In March 2004, KSFB renewed with the San Jose Giants and changed its nighttime format to sports, beginning with a local sports talk show hosted by Carolyn Burns and the Sporting News Radio network during overnights.

===As KNTS (2004–2008)===
On July 1, 2004, the station became KNTS and changed to a news/talk format four days later with much of its weekday schedule consisting of the Salem Radio Network lineup, including The Dennis Prager Show and The Michael Medved Show. With a contract renewal, KNTS was the radio home of San Jose Giants baseball for the third straight year. The Giants won the 2005 California League title.

KNTS made some more sports programming changes later in 2005. In August, KNTS became the flagship station for San Jose State football and basketball; the football games returned to San Jose's KLIV in 2006, but KNTS continued carrying basketball games until the 2007–08 season. By the fall, KNTS dropped Carolyn Burns's sports show.

In November 2005, the FCC granted KNTS a construction permit to increase its power to 50 kW day and night and use a transmitter in Hayward.
KNTS became the San Jose affiliate of the Oakland Athletics in February 2006. The A's dropped KNTS after the 2006 season for FM station KIFR.

===As KDOW (2008–present)===
On July 1, 2008, 1220 AM picked up its present call letters KDOW, resuming its previous business news and financial advice format. At the request of KDOW's license holder Salem Communications, the FCC cancelled the 2005 construction permit in November 2008, restoring KDOW's operating power to 5 kW day and 145 W night.

In July 2009, the city of Hayward rejected a plan to build four 200-foot radio towers for KDOW near the Hayward Regional Shoreline park. The towers would have allowed KDOW to have a stronger signal for a $5 million one-time fee in addition to an annual $60,000 lease.

Rob Black, who previously hosted Stock Talk on KBZS, returned to the station on October 12, 2010 with a morning drive financial talk show, Rob Black and Your Money. Black previously hosted a show on KNEW.

Beginning in 2013, KDOW began carrying fewer Santa Clara games as KLIV picked up more Santa Clara games. KDOW broadcast only one Santa Clara game in the 2016–17 season. Beginning in 2017, KDOW broadcast the majority of Santa Clara basketball games, with sister station KTRB occasionally carrying others.

On May 15, 2015, KDOW announced that it took over the radio broadcast rights to the San Jose SaberCats of the Arena Football League.

On September 11, 2015, San Jose Sharks minor league affiliate San Jose Barracuda signed a radio deal with KDOW to broadcast their games.

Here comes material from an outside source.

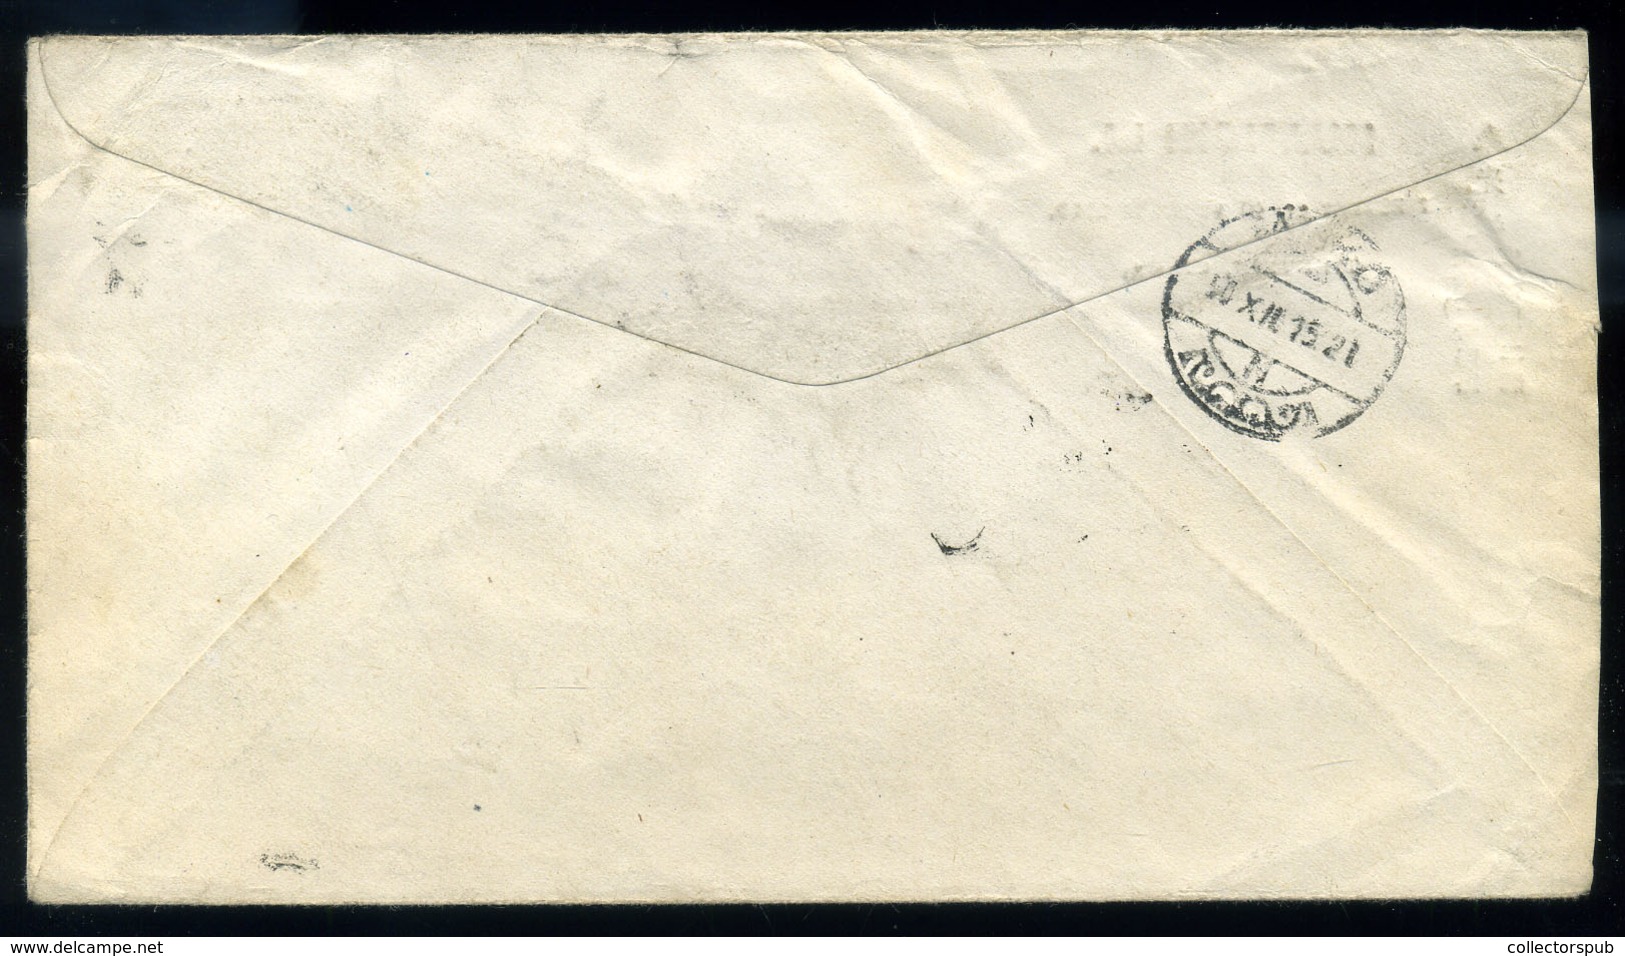 KÍNA Tientsin , Levél Magyarországra, Makóra Küldve  /  CHINA Letter To Makó, Hungary - 1912-1949 República

For the first time since 2005, KDOW resumed broadcasting San Jose State football games in 2020. But in 2021, KDOW broadcast only one San Jose State football game, while the rest were on KTRB.

==Programming==
===Business talk===
The station features a variety of news, business, and financial talk shows, including nationally syndicated shows America in the Morning, Investor's Edge with Gary Kaltbaum, and Market Wrap with Moe Ansari. KDOW also has some locally produced shows, including Rob Black and Your Money in morning drive and some brokered time shows hosted by local financial advisors or business consultants.

===Sports===
Having broadcast San Jose State University football and basketball games in various stints since 1999, KDOW resumed broadcasting San Jose State football in 2020.

KDOW has broadcast Santa Clara University men's basketball games since 2003.

==Technical information==
KDOW is owned by Salem Media Group as part of a five-station cluster of in the San Francisco Bay Area with KDIA, KDYA, KFAX, and KTRB. The stations' studios and offices are in Fremont, and its transmitter is in East Palo Alto west of the Dumbarton Bridge. KDOW broadcasts at 5,000 watts during the day and 145 watts at night. KDOW has a 40-watt translator station in San Francisco, K237GZ (95.3 FM), which was licensed on March 17, 2020.